A template to quantify the location and density of CD3 + and CD8 + tumor-infiltrating lymphocytes in colon cancer by digital pathology on whole slides for an objective, standardized immune score assessment.

作者信息

Lea Dordi, Watson Martin, Skaland Ivar, Hagland Hanne R, Lillesand Melinda, Gudlaugsson Einar, Søreide Kjetil

机构信息

Gastrointestinal Translational Research Unit, Molecular Laboratory, Hillevåg, Stavanger University Hospital, Stavanger, Norway.

Department of Clinical Medicine, University of Bergen, Bergen, Norway.

出版信息

Cancer Immunol Immunother. 2021 Jul;70(7):2049-2057. doi: 10.1007/s00262-020-02834-y.
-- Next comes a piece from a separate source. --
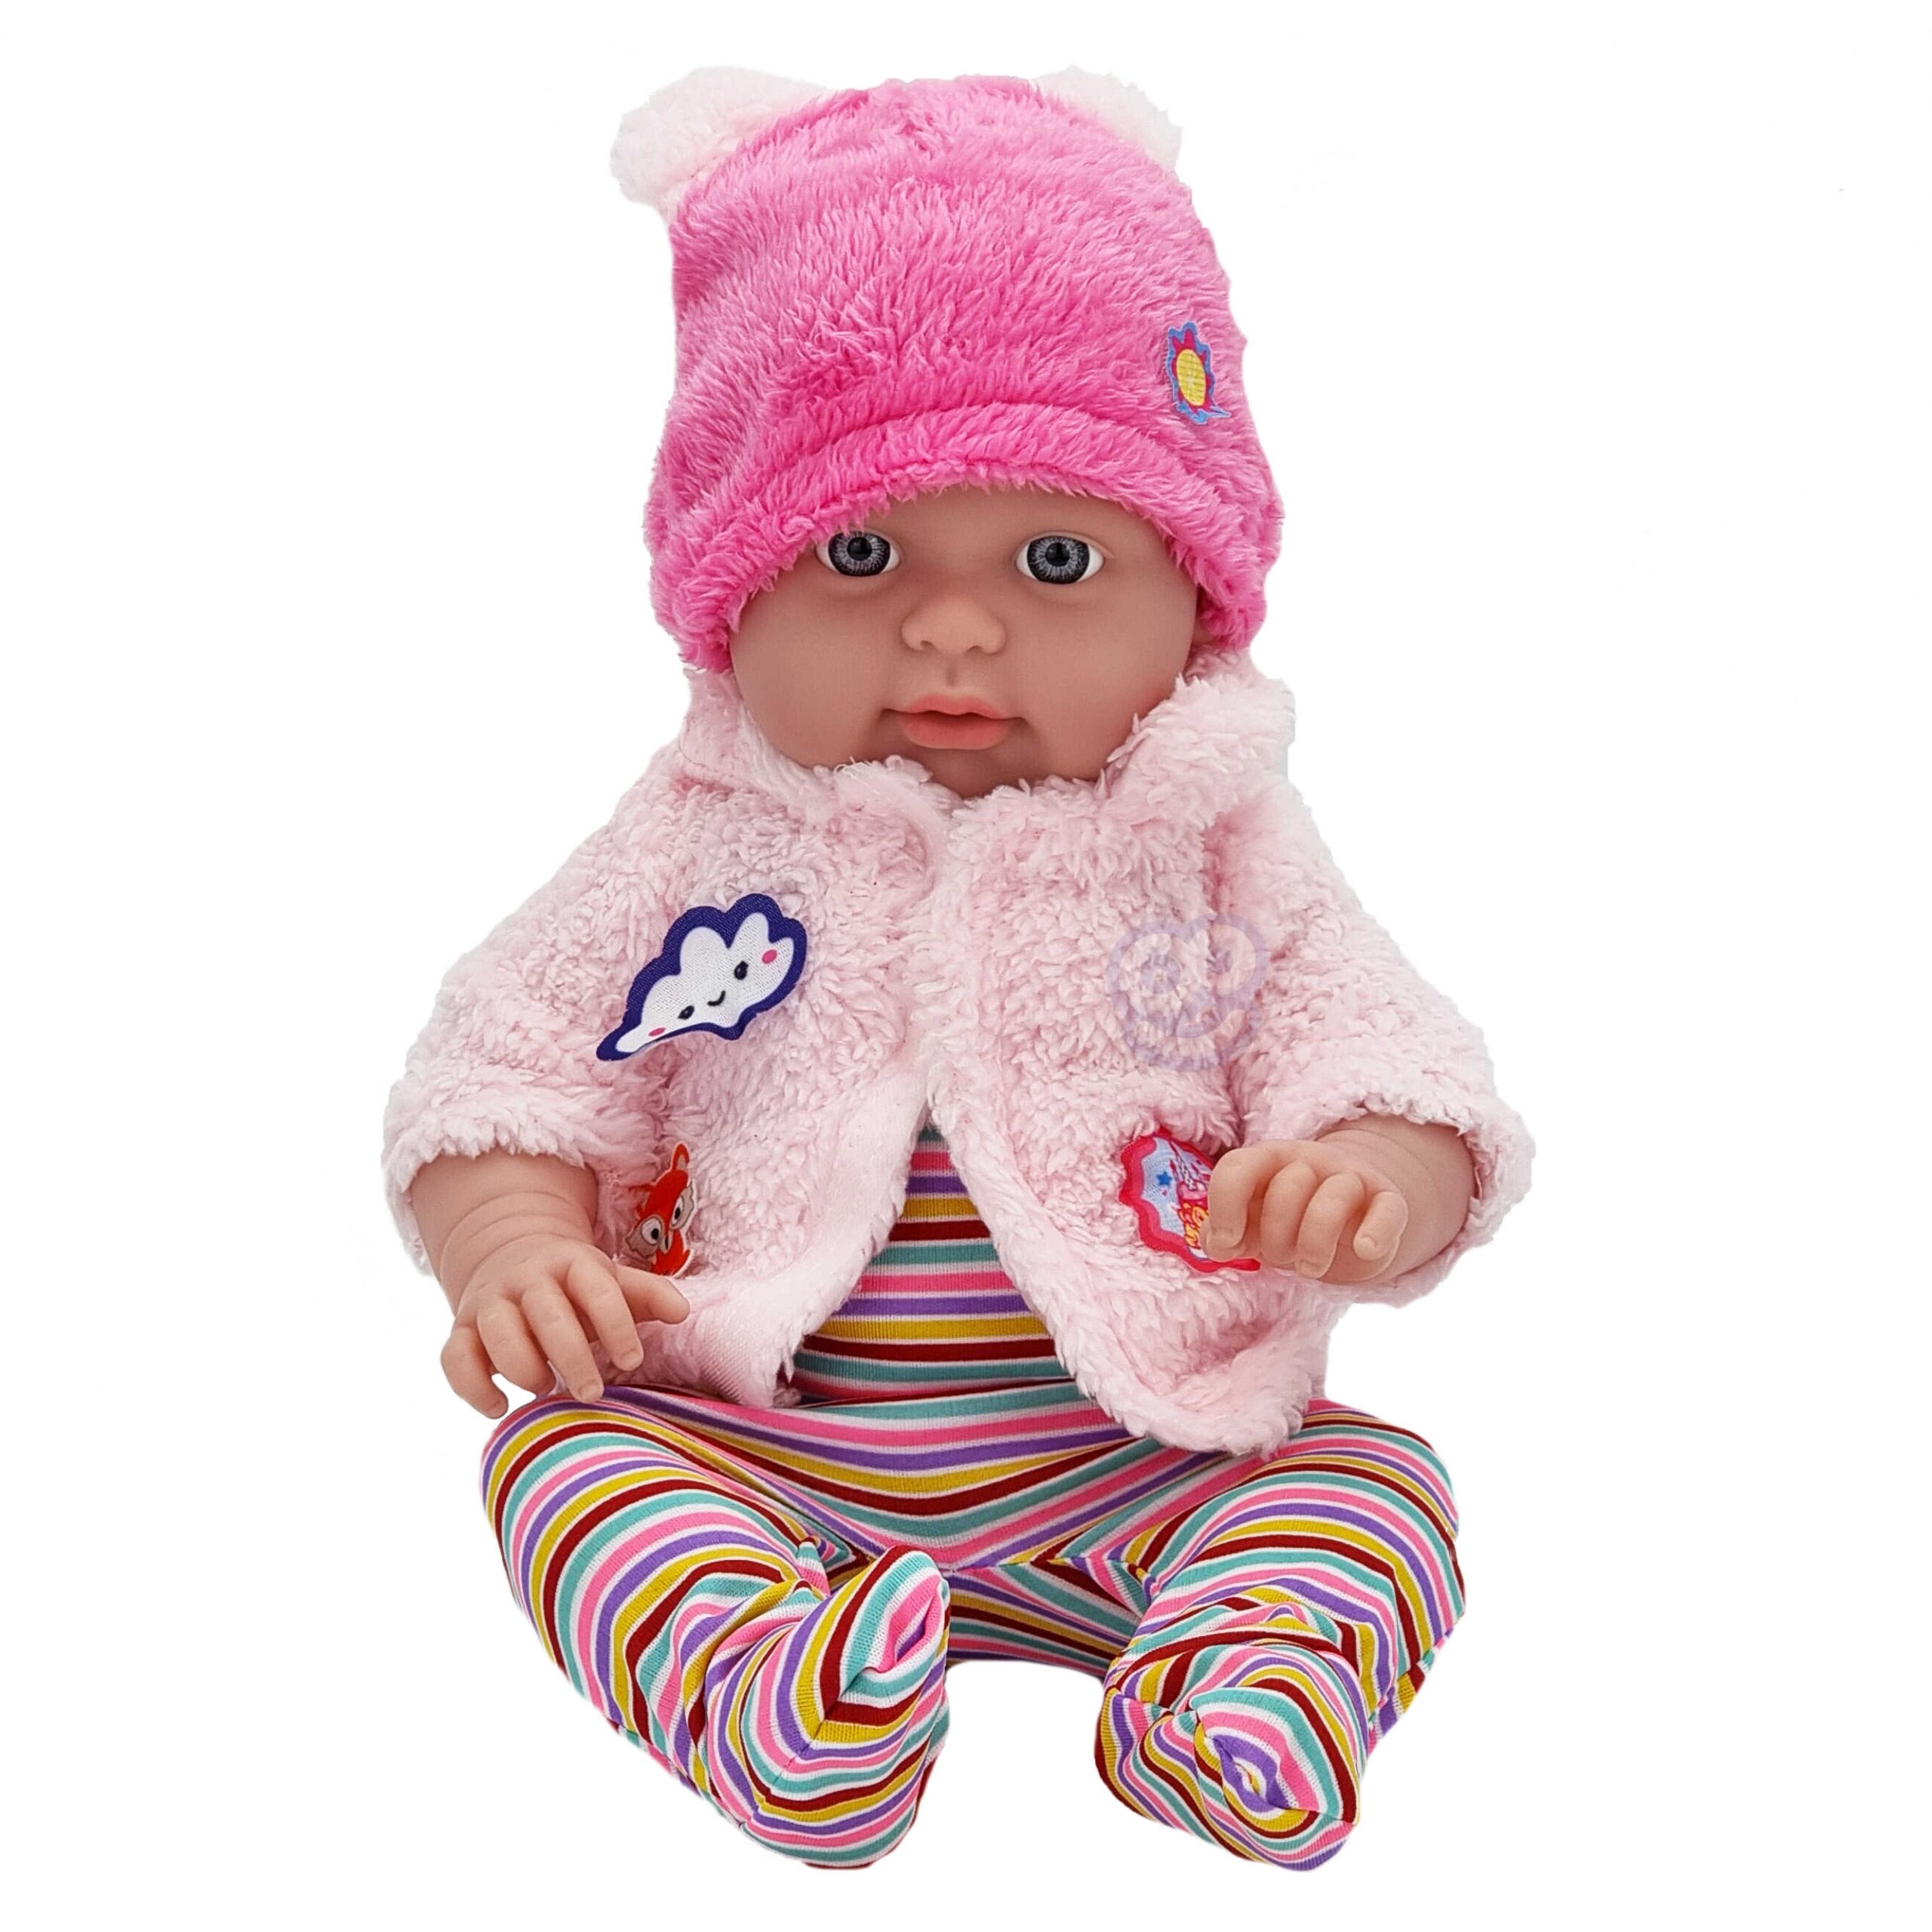 Ubranko dla lalki zestaw kurteczka baranek czapeczka + body 43-46 cm, zabawka dla dzieci, Woopie
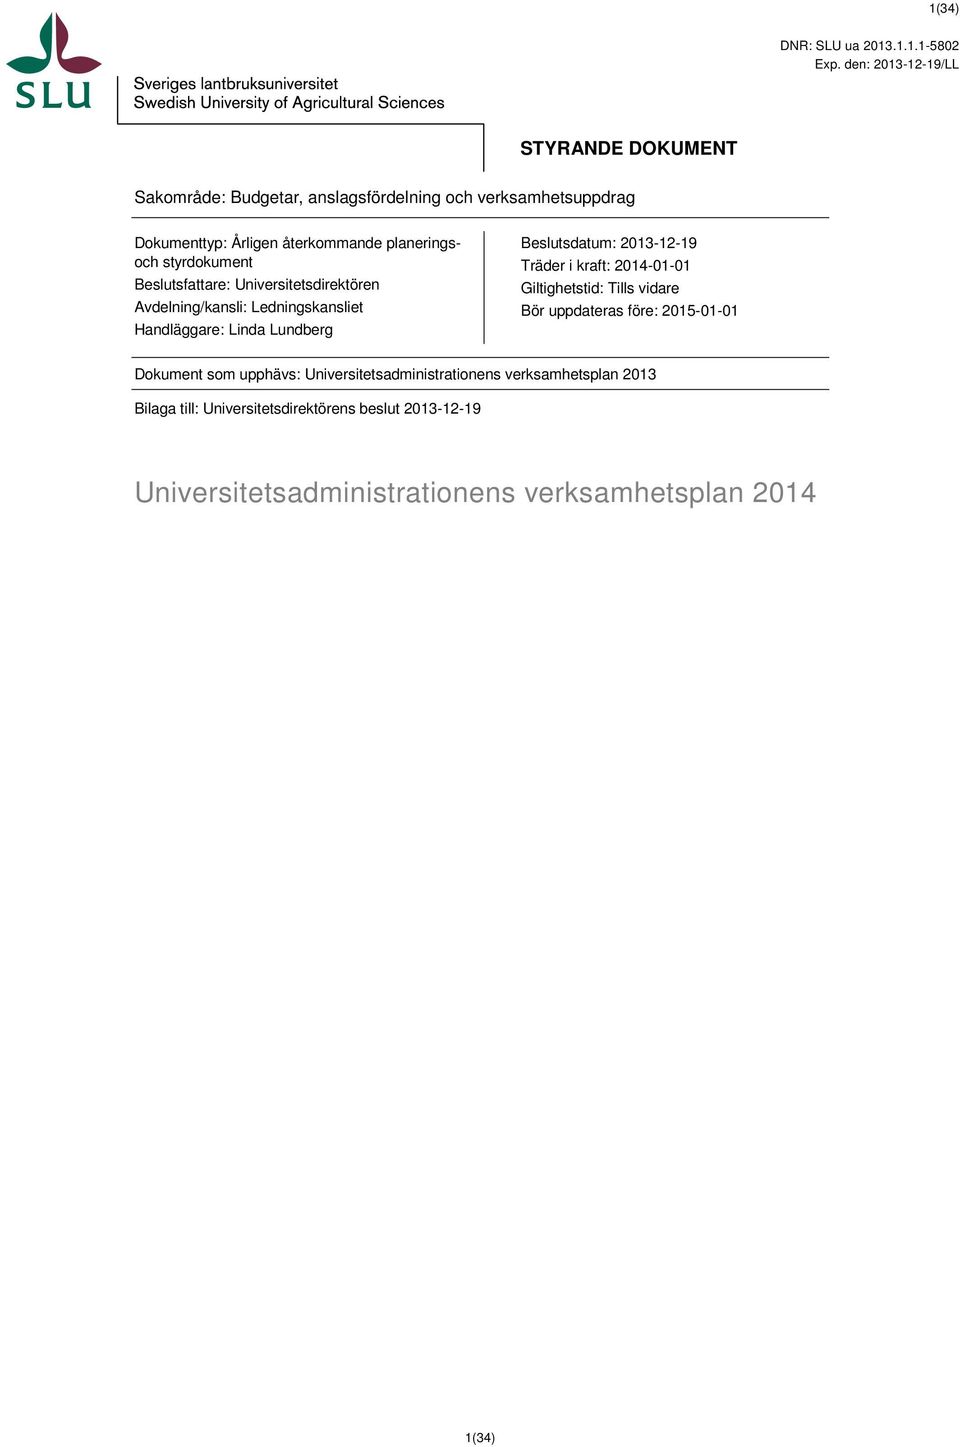 styrdokument Beslutsfattare: Universitetsdirektören Avdelning/kansli: Ledningskansliet Handläggare: Linda Lundberg Beslutsdatum: 2013-12-19 Träder i

Epub 2021 Jan 13.

Abstract

BACKGROUND

In colon cancer, the location and density of tumor-infiltrating lymphocytes (TILs) can classify patients into low and high-risk groups for prognostication. While a commercially available 'Immunoscore' exists, the incurred expenses and copyrights may prevent universal use. The aim of this study was to develop a robust and objective quantification method of TILs in colon cancer.

METHODS

A consecutive, unselected series of specimens from patients with colon cancer were available for immunohistochemistry and assessment of TILs by automated digital pathology. CD3 + and CD8 + cells at the invasive margin and in tumor center were assessed on consecutive sections using automated digital pathology and image analysis software (Visiopharm). An algorithm template for whole slide assessment, generated cell counts per square millimeters (cells/mm), from which the immune score was calculated using distribution volumes. Furthermore, immune score was compared with clinical and histopathological characteristics to confirm its relevance.

RESULTS

Based on the quantified TILs numbers by digital image analyses, patients were classified into low (n = 83, 69.7%), intermediate (n = 14, 11.8%) and high (n = 22, 18.5%) immune score groups. High immune score was associated with stage I-II tumors (p = 0.017) and a higher prevalence of microsatellite instable (MSI) tumors (p = 0.030). MSI tumors had a significantly higher numbers of CD3 + TILs in the invasive margin and CD8 + TILs in both tumor center and invasive margin, compared to microsatellite stable (MSS) tumors.

CONCLUSION

A digital template to quantify an easy-to-use immune score corresponds with clinicopathological features and MSI in colon cancer.

摘要

背景

在结肠癌中,肿瘤浸润淋巴细胞(TILs)的位置和密度可将患者分为低风险和高风险预后组。虽然有一种商用的“免疫评分”,但其费用和版权可能会阻碍其广泛应用。本研究的目的是开发一种可靠且客观的结肠癌TILs定量方法。

方法

连续选取未经筛选的结肠癌患者标本用于免疫组织化学,并通过自动数字病理学评估TILs。使用自动数字病理学和图像分析软件(Visiopharm)在连续切片上评估侵袭边缘和肿瘤中心的CD3+和CD8+细胞。生成了一个用于全切片评估的算法模板,计算每平方毫米的细胞计数(细胞/mm),并据此使用分布体积计算免疫评分。此外,将免疫评分与临床和组织病理学特征进行比较,以确认其相关性。

结果

根据数字图像分析定量的TILs数量,患者被分为低免疫评分组(n = 83,69.7%)、中免疫评分组(n = 14,11.8%)和高免疫评分组(n = 22,18.5%)。高免疫评分与I-II期肿瘤相关(p = 0.017),且微卫星不稳定(MSI)肿瘤的患病率较高(p = 0.030)。与微卫星稳定(MSS)肿瘤相比,MSI肿瘤在侵袭边缘的CD3+ TILs数量以及在肿瘤中心和侵袭边缘的CD8+ TILs数量均显著更高。

结论

一种用于量化易于使用的免疫评分的数字模板与结肠癌的临床病理特征和MSI相关。